Currency movements have also played a role. The combination of a relatively strong Singapore dollar and a weaker won has made accommodation, dining and shopping in Singapore comparatively expensive for South Korean visitors. As a result, publicly available data suggests that average daily spending by South Koreans in Singapore is under pressure, particularly in discretionary categories such as retail and nightlife.

At the same time, Korean travellers have shown growing enthusiasm for regional destinations where their budgets stretch further. Markets such as Vietnam, Indonesia and the Philippines report rising Korean arrivals and strong spending in resorts and beachfront locations. This competition for wallet share puts additional strain on Singapore’s ability to grow receipts from South Korea, even if the number of visitors holds steady.

For Singapore, the cooling South Korean market is significant not just in absolute terms, but as another signal that a broad band of Asia-Pacific travellers is reassessing the city-state’s value proposition.

Revenue Forecasts for 2026 Turn Cautious

Looking ahead, Singapore’s tourism authorities and economic planners have issued optimistic headline projections for 2025, with tourism receipts expected to set fresh records. Yet commentary from economists, industry observers and local analysts points to a more cautious tone when considering 2026, especially if current spending trends among key Asian markets persist.

Forecasts compiled from public presentations, corporate briefings and regional travel outlooks suggest that growth in tourism receipts is likely to slow as the boost from post-pandemic pent-up demand fades. If visitors from China, Indonesia, Malaysia, India, Australia and South Korea continue to curb non-essential spending, any further gains in 2026 will depend heavily on higher-yield niches such as meetings, incentives, conferences and exhibitions, luxury travel and marquee international events.
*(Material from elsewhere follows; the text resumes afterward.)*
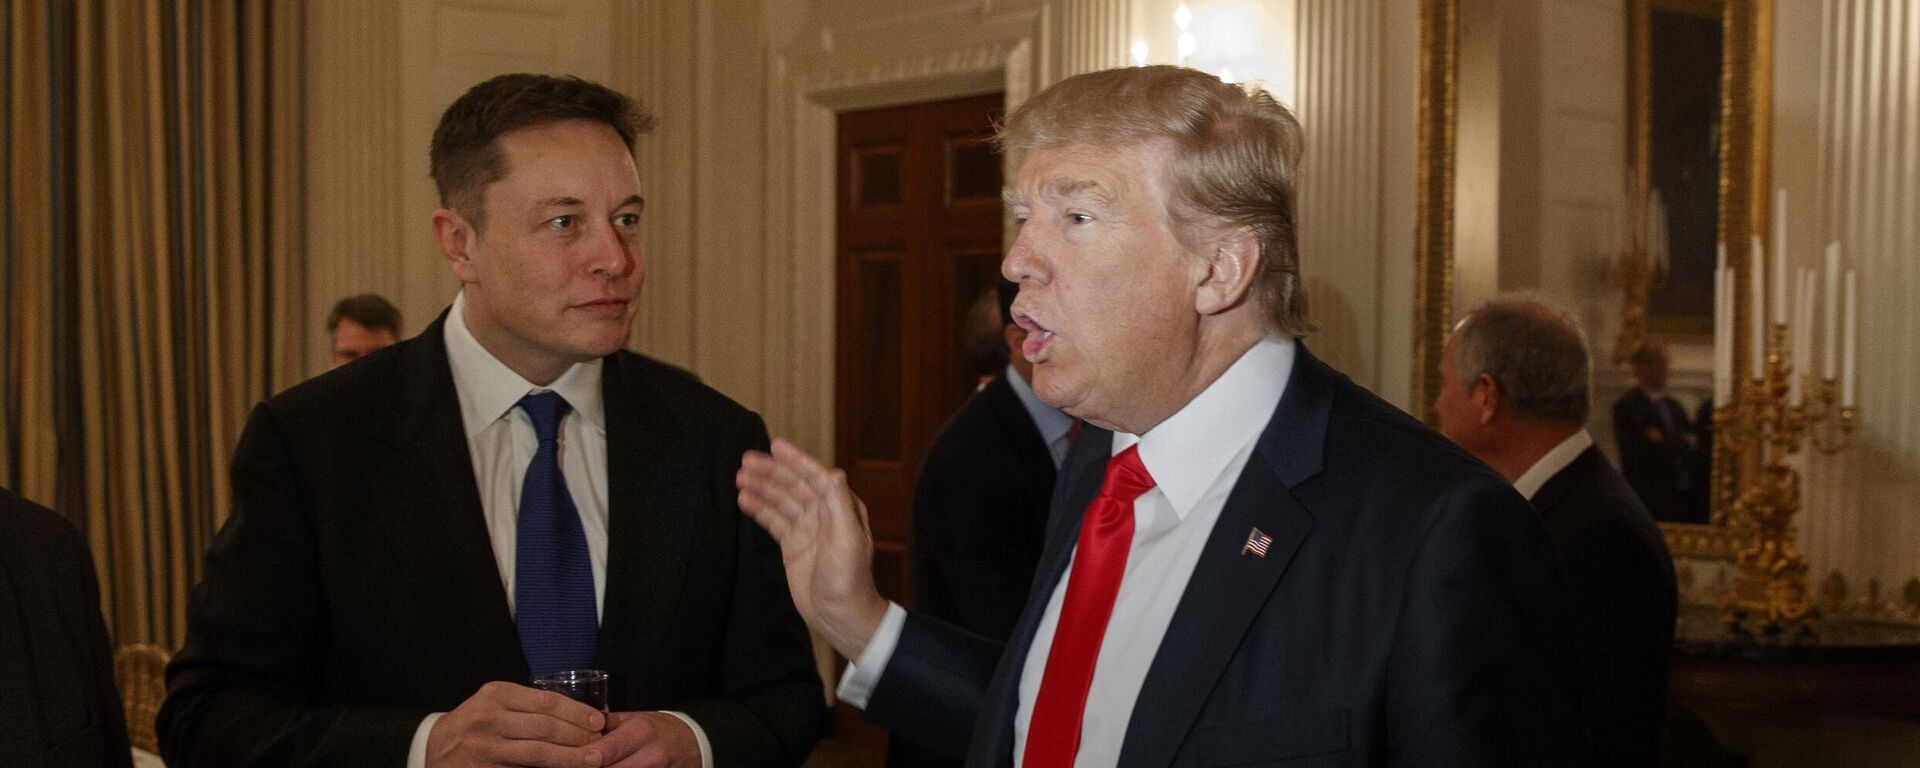 President Donald Trump talks with Tesla and SpaceX CEO Elon Musk, center, and White House chief strategist Steve Bannon during a meeting with business leaders in the State Dining Room of the White House in Washington, Friday, Feb. 3, 2017 - Sputnik International, 1920, 19.11.2022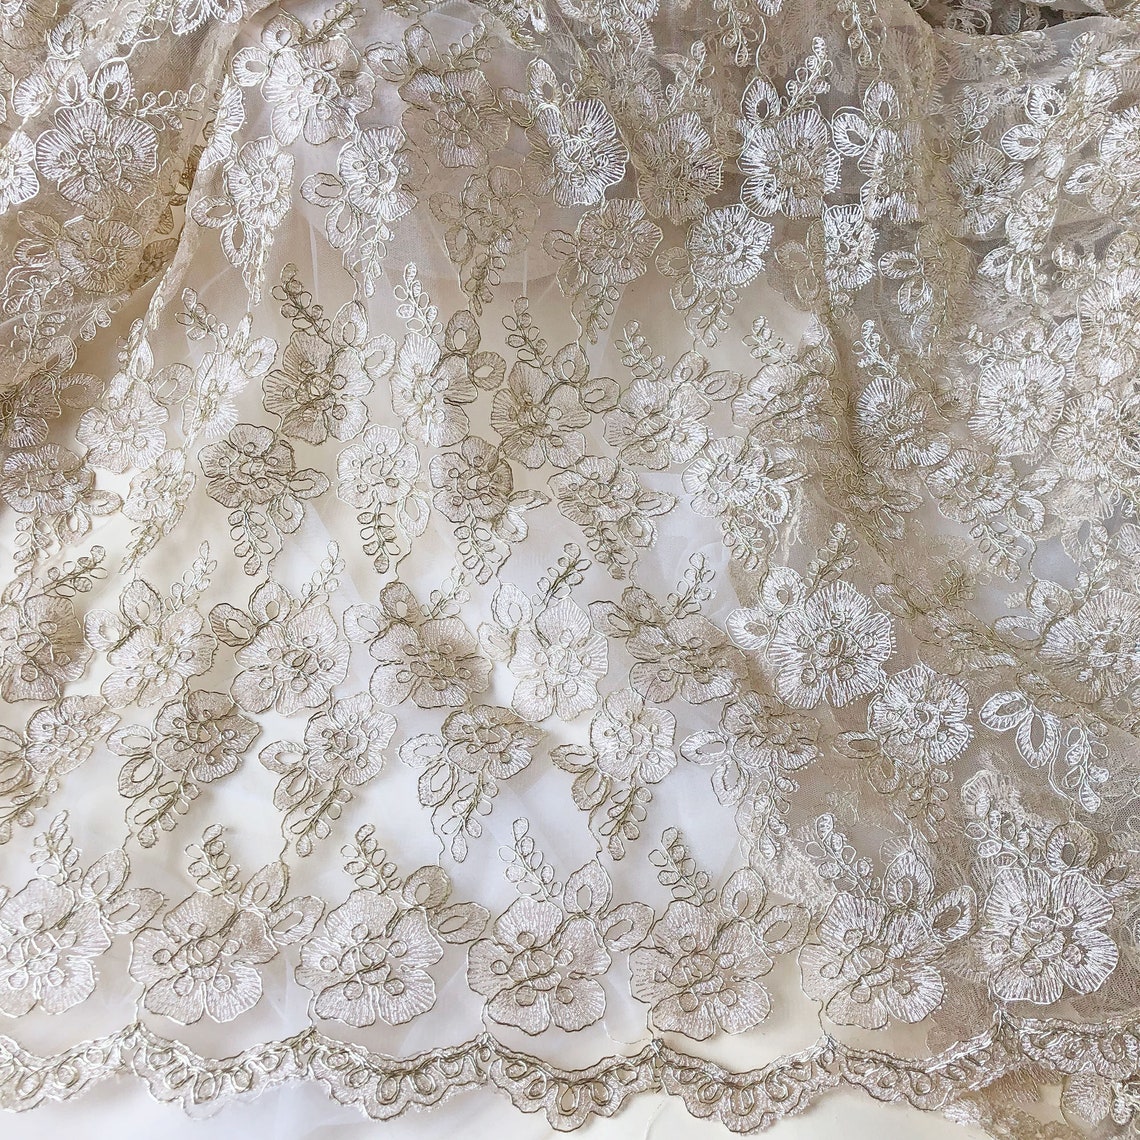 Gold Corded Embroidery Wedding Tulle Lace Fabric Matte Gold | Etsy

There is also heightened vulnerability to external shocks. Analysts warn that weaker economic growth in China, fluctuating commodity prices in Indonesia, shifting monetary conditions in India and Australia, and currency volatility in South Korea could all translate quickly into lower per-capita spending in Singapore. In such an environment, even modest declines in discretionary expenditure from several markets at once could have an outsized impact on overall receipts.

Singapore’s response has focused on expanding high-value experiences, from new attractions and lifestyle districts to major events and cruise offerings. However, with regional competitors mounting aggressive campaigns and promoting more affordable options, the city-state enters 2026 facing a tourism revenue outlook that is strong on paper but increasingly fragile beneath the surface.